The present study was strengthened by data obtained from nationwide registries providing a powerful statistical analysis, a strict definition of parental depression and a matched control group. However, we acknowledge that there are several limitations to our observational study related to study design and availability of data. First, the inclusion criteria are based on the redemption of ICS and thus exclude SABA-only treated children. Second, using the outcome of antidepressant use, we exclude many individuals with depression who are receiving active antidepressant therapy. Third, the study is limited to two years of annualised data, yet asthma is a variable disease with a burden changing over time. Despite these limitations, we would like to highlight the strengths of the REASSESS Youth cohort, which include a high degree of data completeness, universal linkage between children and parents, and a robust non-biased data capture due to legal requirements to submit data to Statistics Denmark from the various sources used. Our family-based match allowed robust comparisons and is also a strength of the study.

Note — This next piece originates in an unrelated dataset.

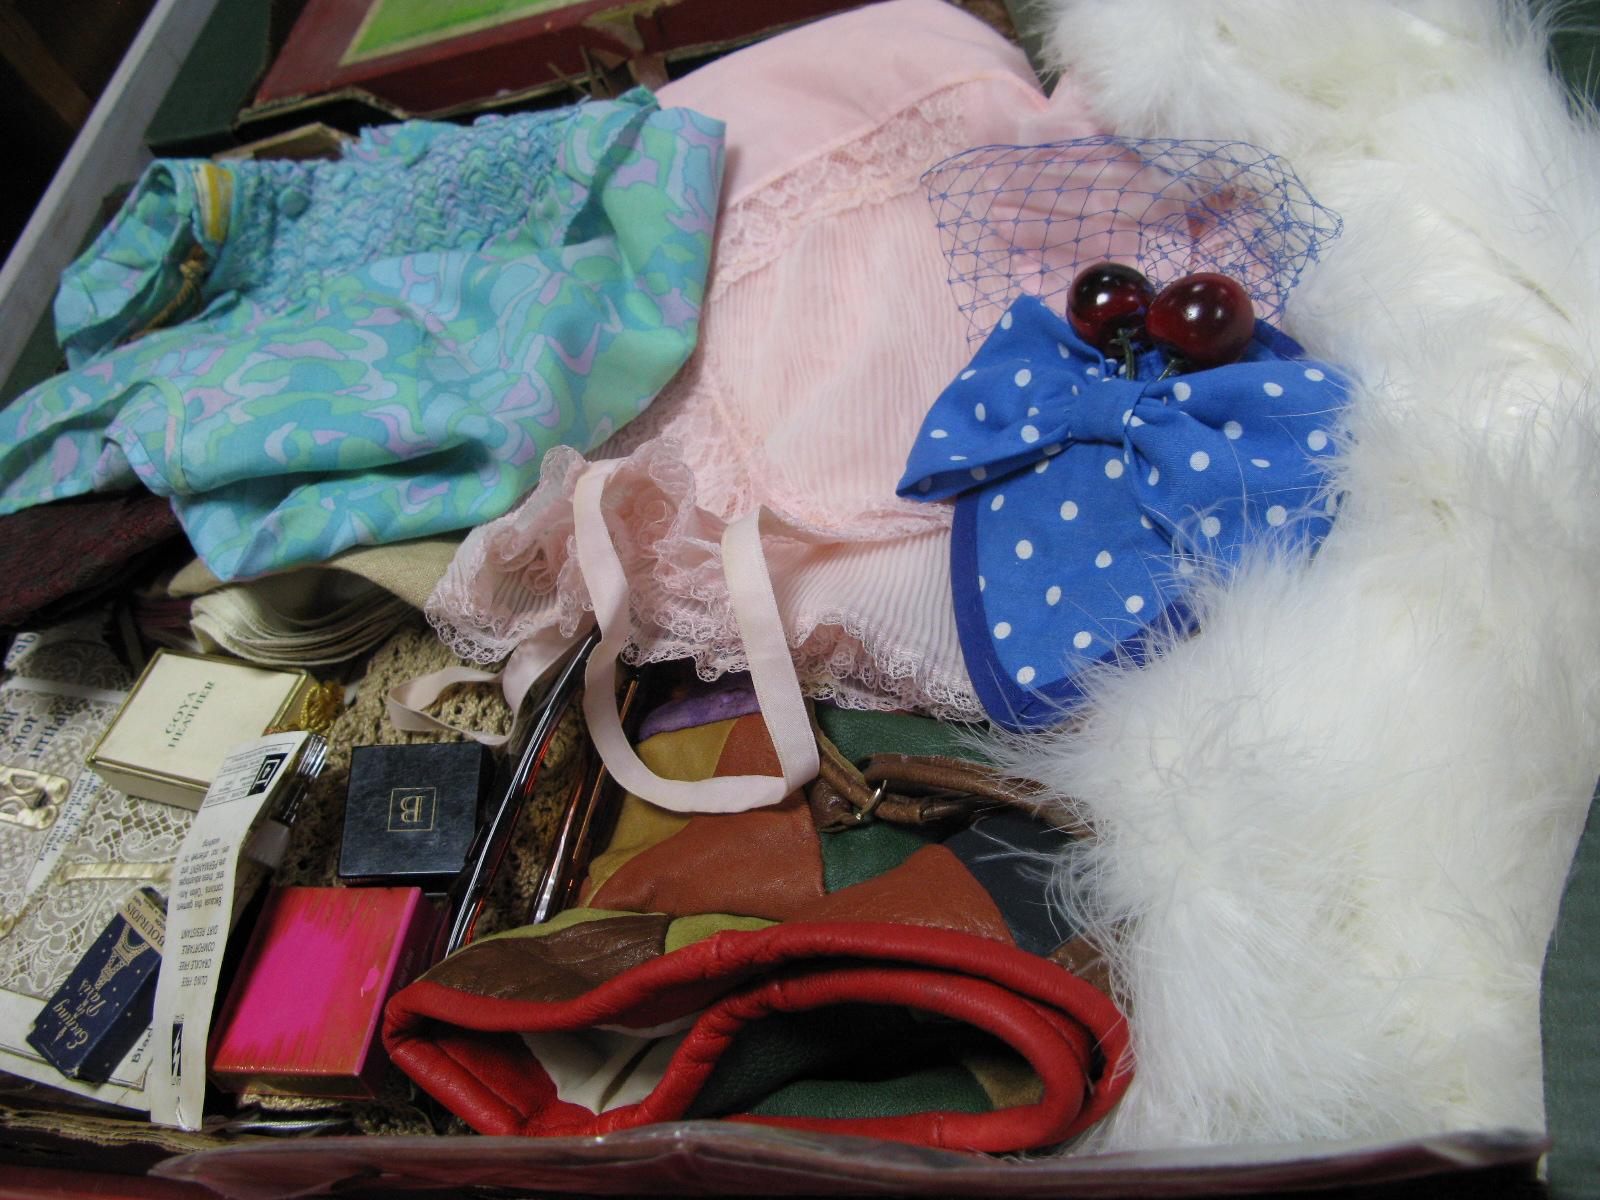 Lot 1055 - c.1950''s Vintage Blouses and Slips, marabou bolero, stockings, linen, 'Made by Me' fascinator,
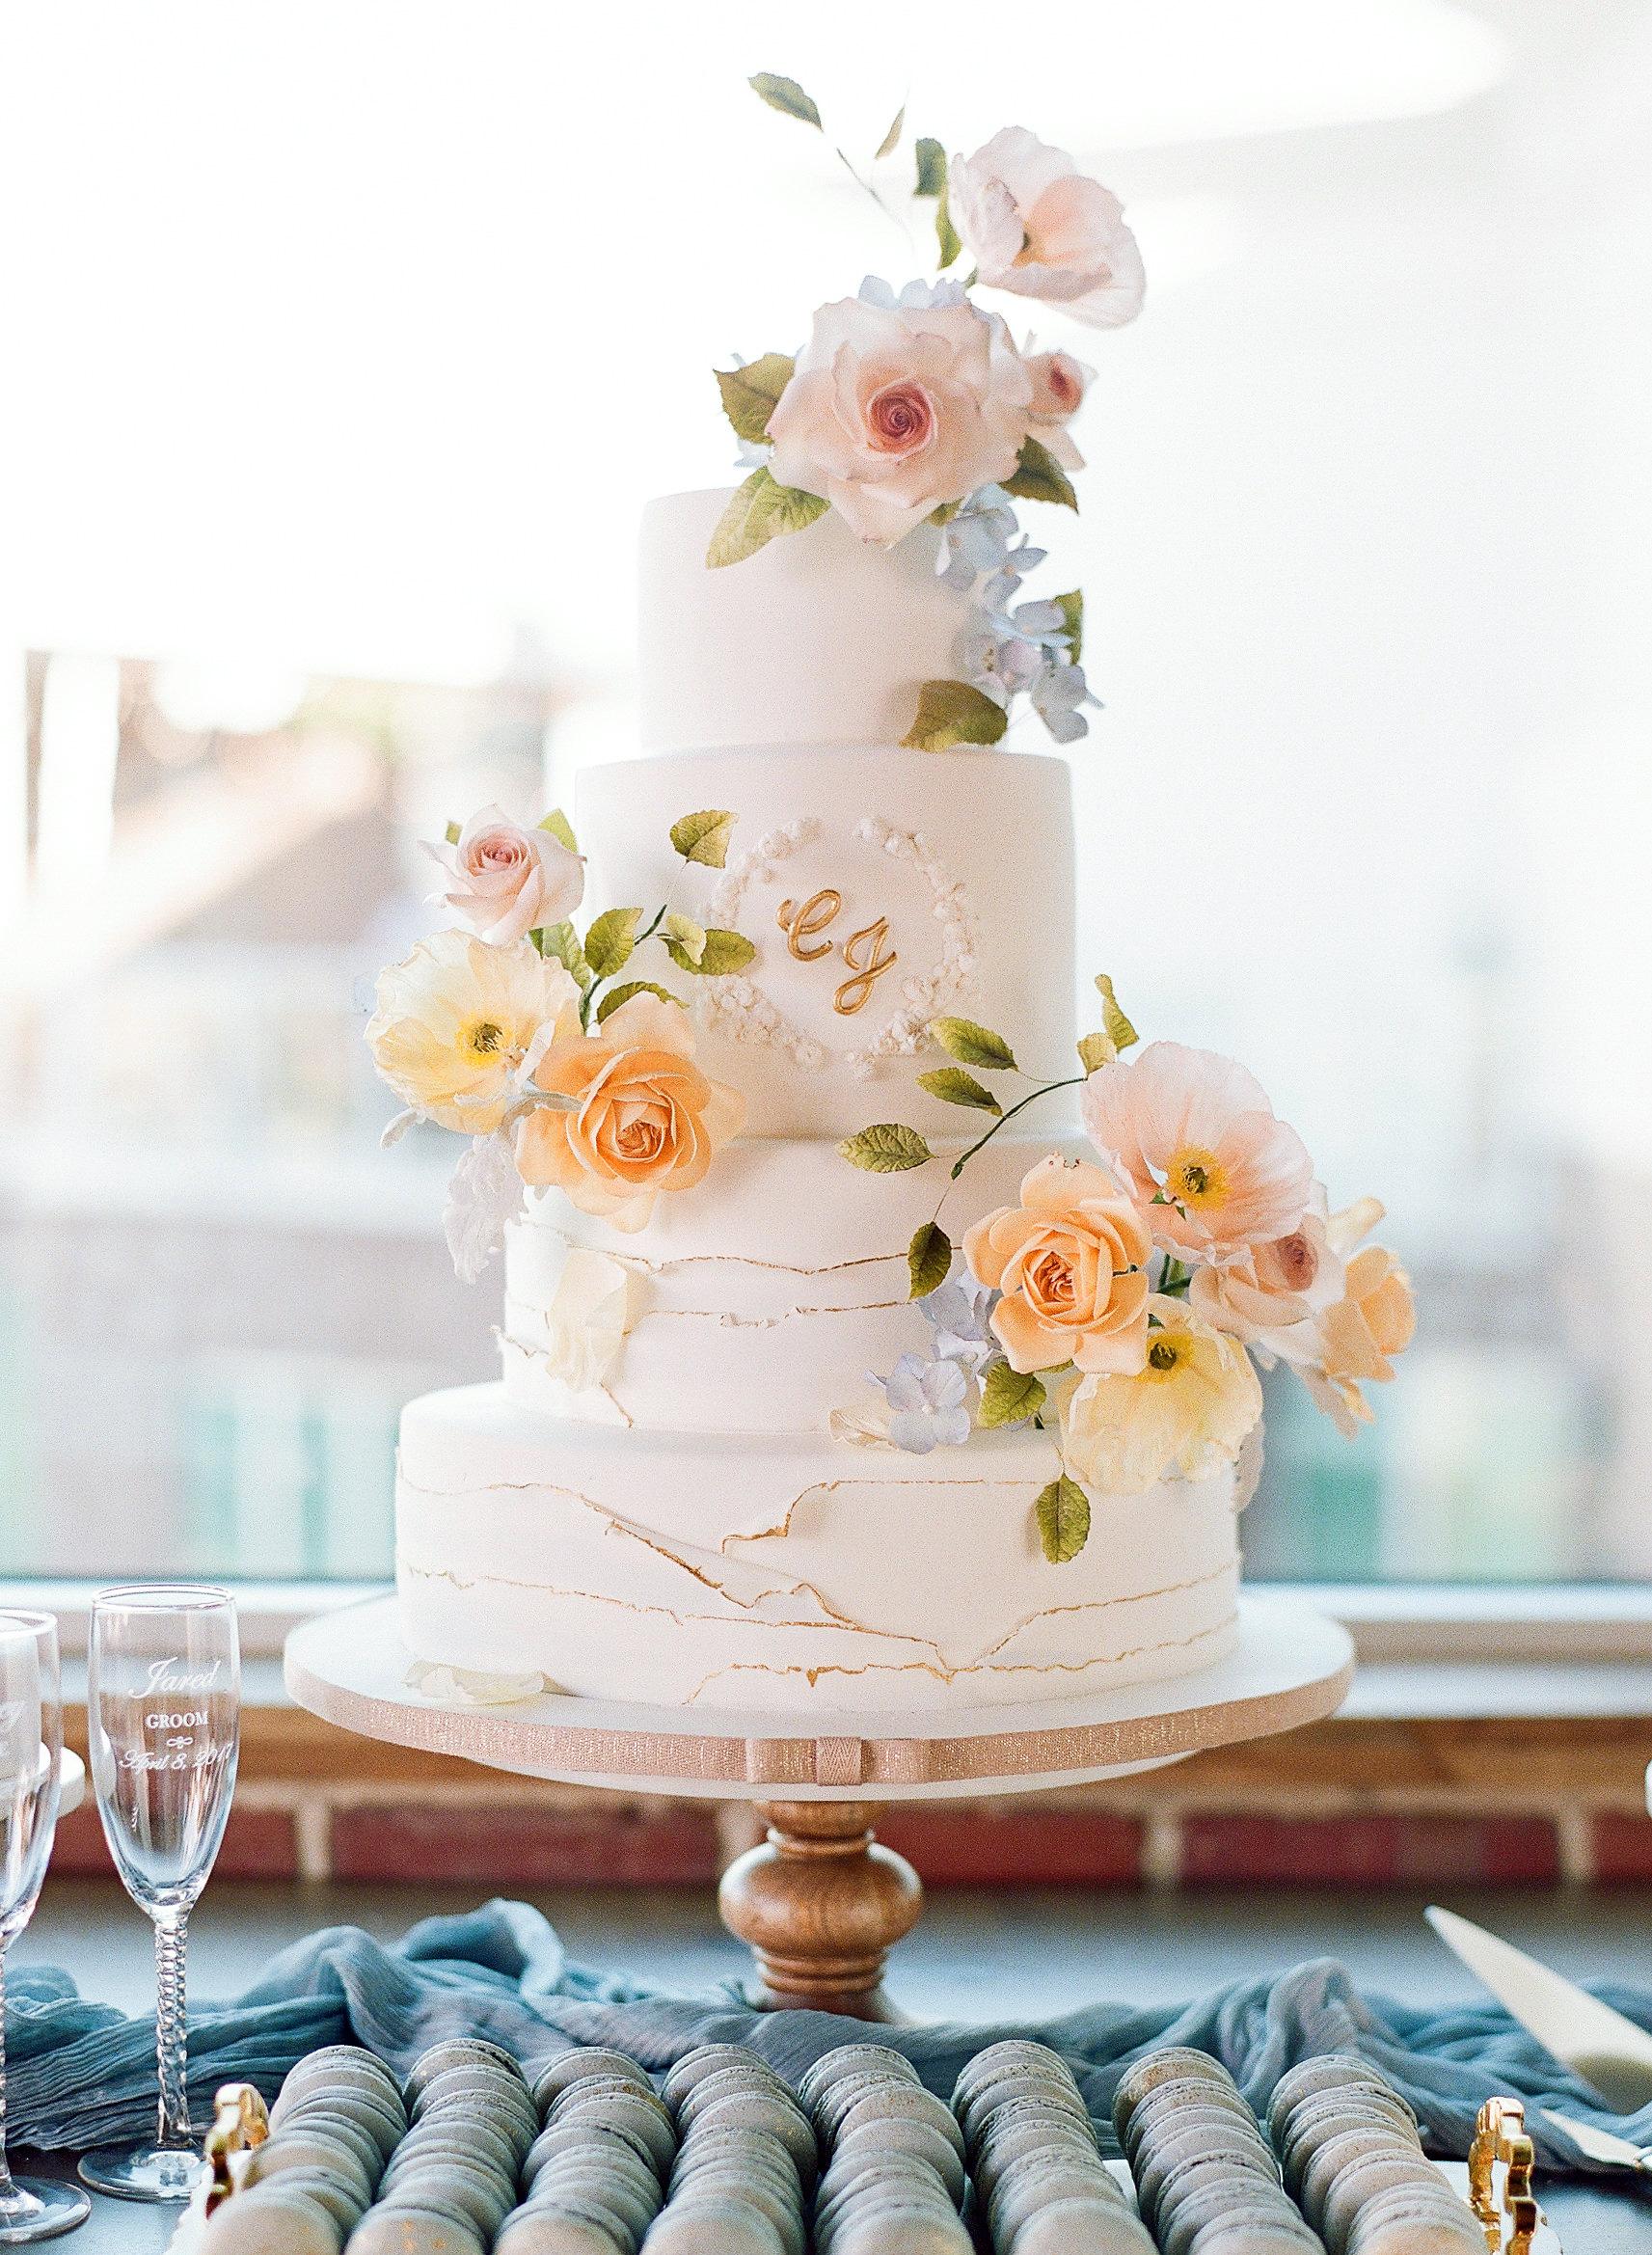 A Convincing Cake

In this nationwide study of 28,595 children with actively treated asthma, we found that caregiver antidepressant use was more prevalent in families with children with asthma than in control families, independent of socioeconomic factors. Parental antidepressant use was associated with poor asthma control in children, even after adjusting for socioeconomic status, signalling that caregiver mental health can have an impact on childhood asthma.


The present work was funded by Børnelungefonden, Trial Nation Denmark Respiratory, the Respiratory Research Unit, Hvidovre Hospital and SanofiGenzyme. All grants were unrestricted research grants and grantors had no involvement in any aspects pertinent to planning, conducting, analyzing or presenting the present study results.


KEJH has received personal fees from AstraZeneca, Chiesi, GSK, Sanofi and TEVA. DR declares no conflicts of interest but does serve on DSMBs for the National Institute of Health. CSU has received personal fees from AstraZeneca, GSK, TEVA, Chiesi, Sanofi Genzyme, Boehringer-Ingelheim, Orion Pharma, Novartis, ALK-Abello, Mundipharma, Covis Pharma, TFF Pharmaceuticals, Pfizer, Berlin Chemie and Actelion. VB has received personal fees from AstraZeneca, GSK, TEVA, Sanofi Genzyme, MSD, Chiesi, Boehringer-Ingelheim, Novartis, ALK-Abello, Mundipharma and Pharmaxis. The authors report no other conflicts of interest in this work.